- Input for this task -
********************

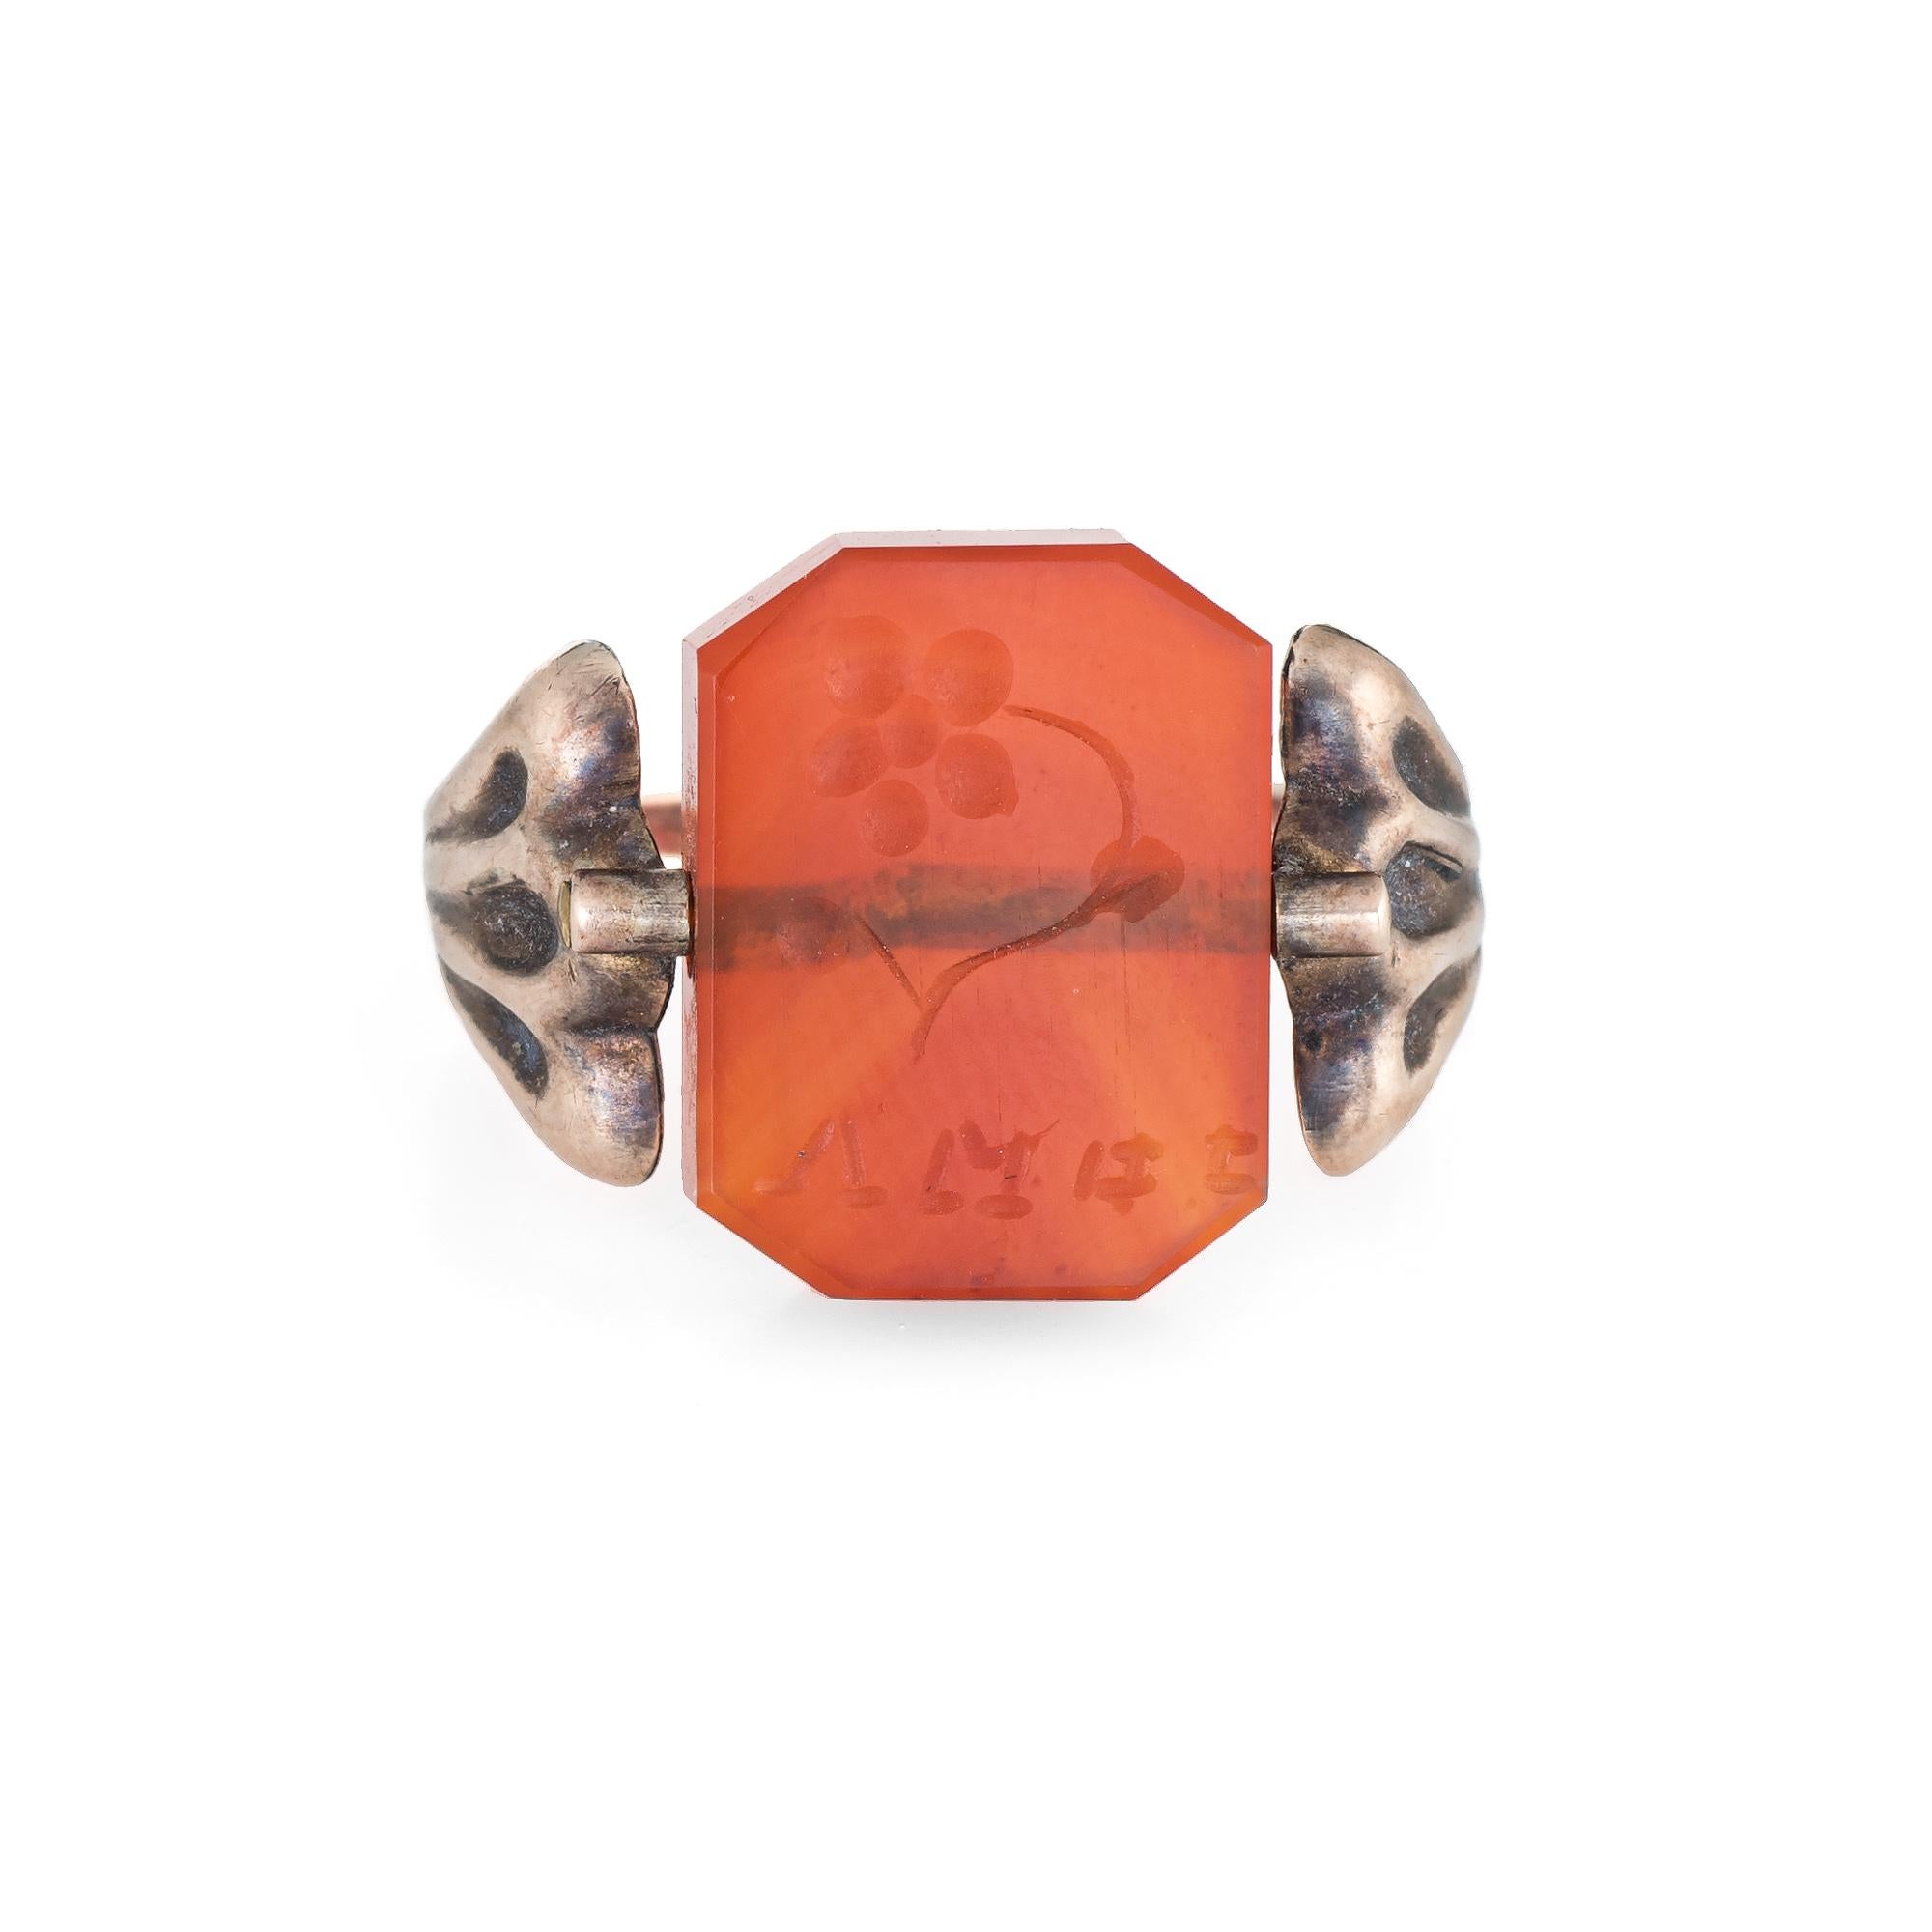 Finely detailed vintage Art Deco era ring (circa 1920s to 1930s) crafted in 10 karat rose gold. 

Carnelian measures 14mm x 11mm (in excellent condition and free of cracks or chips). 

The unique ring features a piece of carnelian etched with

********************

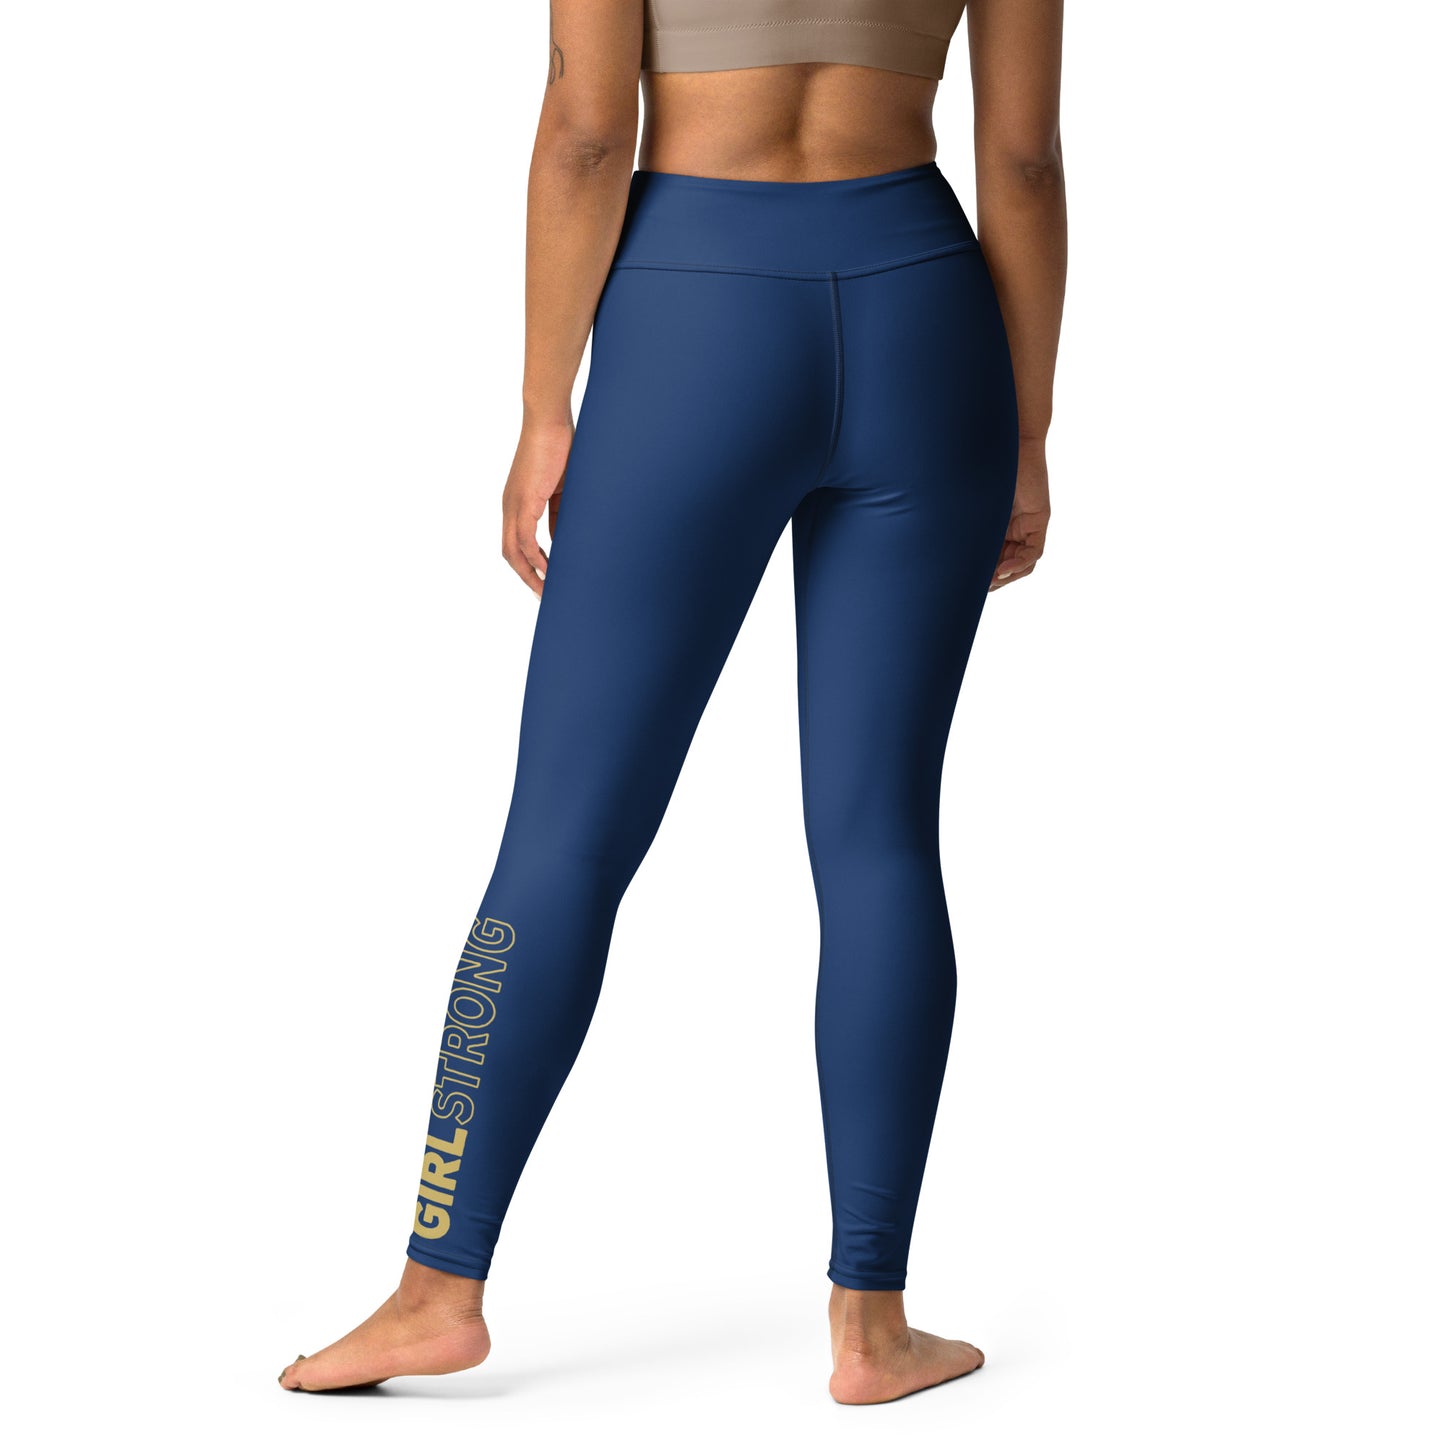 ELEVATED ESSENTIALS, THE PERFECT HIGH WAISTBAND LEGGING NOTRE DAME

********************

- Problem requirements -
Copy only what lies between the line with "Finely detailed vintage" and the line with "The unique ring", those two lines included, exactly as given above; pictures stay out.

- Answer to this exercise -
 Finely detailed vintage Art Deco era ring (circa 1920s to 1930s) crafted in 10 karat rose gold. 

Carnelian measures 14mm x 11mm (in excellent condition and free of cracks or chips). 

The unique ring features a piece of carnelian etched with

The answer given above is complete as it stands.